I care exactly 0% about p Chris I wanted to see my son jonas but maybe he's gonna be the last pov we see, just like he was the one who gave a start to the show
IF YOU NEED TO CALL 911 BUT ARE SCARED TO BECAUSE OF SOMEONE IN THE ROOM, dial and ask for a pepperoni pizza. They will ask if you know you’re calling 911. Say yes, and continue pretending you’re making an order. They’ll ask if there’s someone in the room.
You can ask how long it will take for the pizza to get to you, and they will tell you how far away a dispatcher is.
Here is an example video
Reblog to literally save a life
I’ve done this. I’m alive because of this.
My flat-mate’s date for the night was almost as drunk as her. She had passed out in her room and locked the door. He refused to leave because he wanted to have sex. He also demanded food because he was dealing with “whiskey dick”. He didn’t like the lack of food in the fridge. I called 911, did the stuff stated above, and he was getting PISSED about how long the “order” was taking. He took my phone, demanded they “hurry the fuck up”. Police arrived two minutes later, arrested him, and helped me file a police report. Pressing charges wasn’t necessary because he had warrants on him from THREE different states for the very thing he planned to do to me. Several months after this happened one of the officers informed me he was charged with two felonies because he crossed stay lines, and will be serving no less than 35 years in prison. The officer ripped into my flat-mate about her bringing home complete strangers, while drunk, knowing full well this shit could happen.
This was 14 years ago.
Do the pizza order, do it as calmly as you can. The dispatcher I spoke to said things like this:
“If he’s drunk say you want mushrooms.” I said I want extra mushrooms.

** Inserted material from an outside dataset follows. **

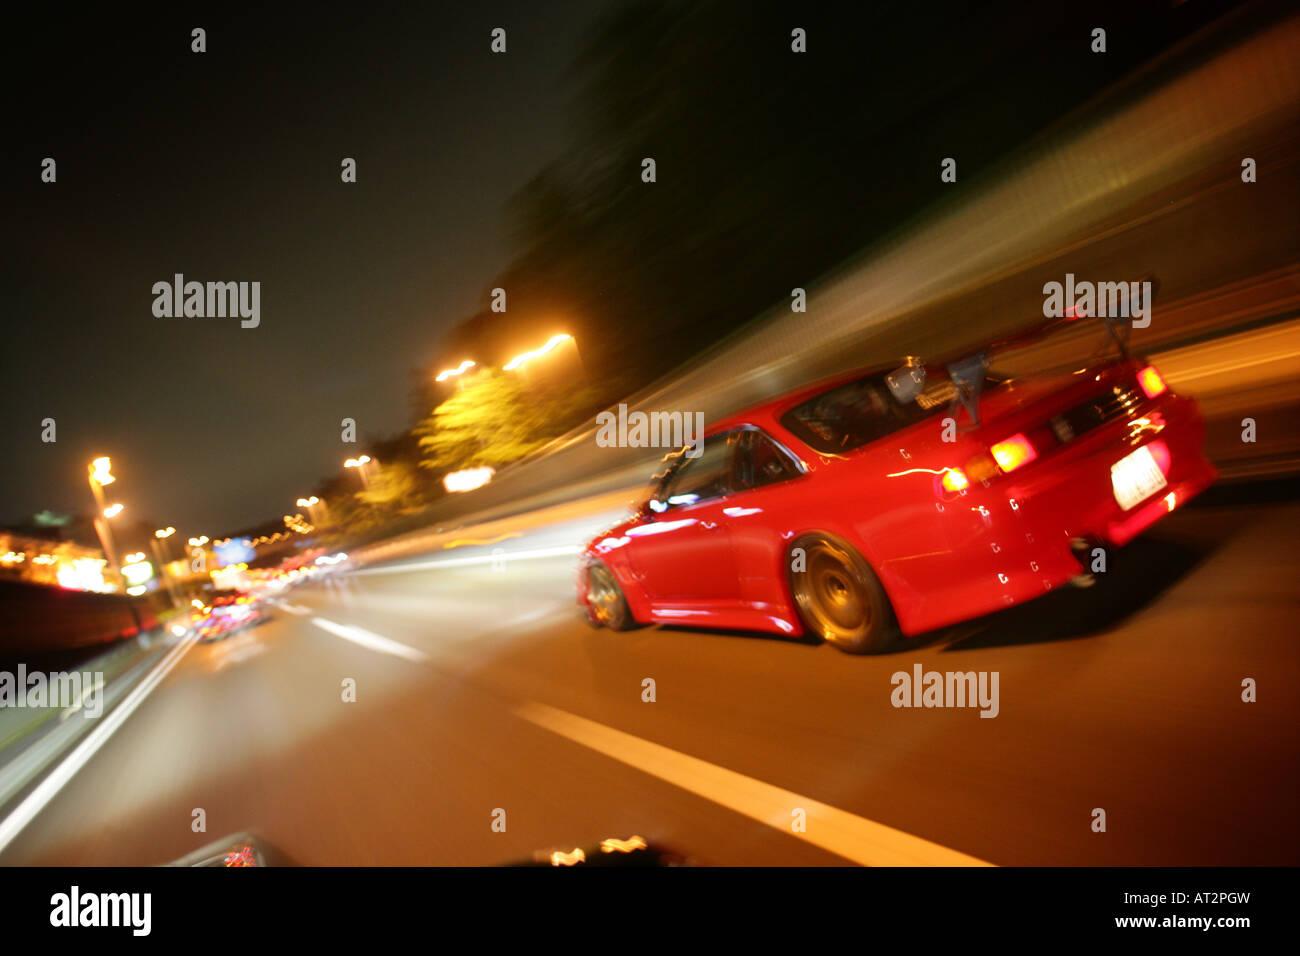 Street Racing In Tokyo Japan Stock Photo 16183080 Alamy
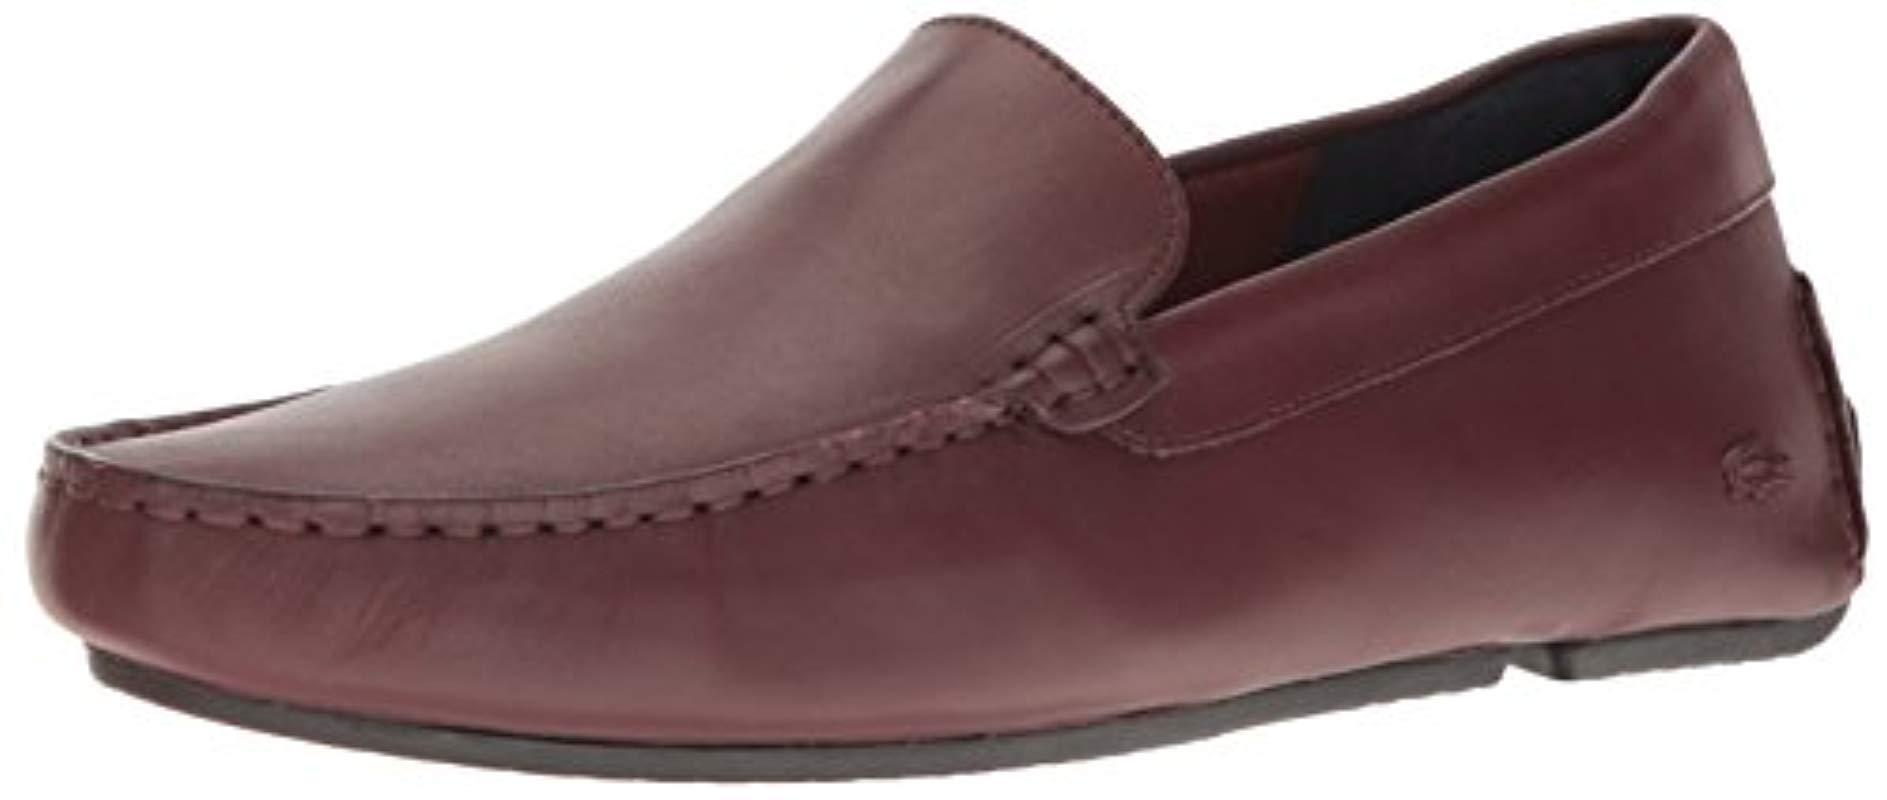 00795f813c3412 Lyst - Lacoste Piloter 117 1 Formal Shoe Fashion Sneaker in Brown ...

“If he’s threatening you with sexual assault say you want onions.” I said I want onions.
She went like this with different toppings and sauces for a description of him, like pineapple if he’s blonde, black olives if he’s tall, extra large if he’s tall, etc.
They’ve heard this sort of coded call before. They’re trained for it. They will understand what you’re saying. Order the pizza.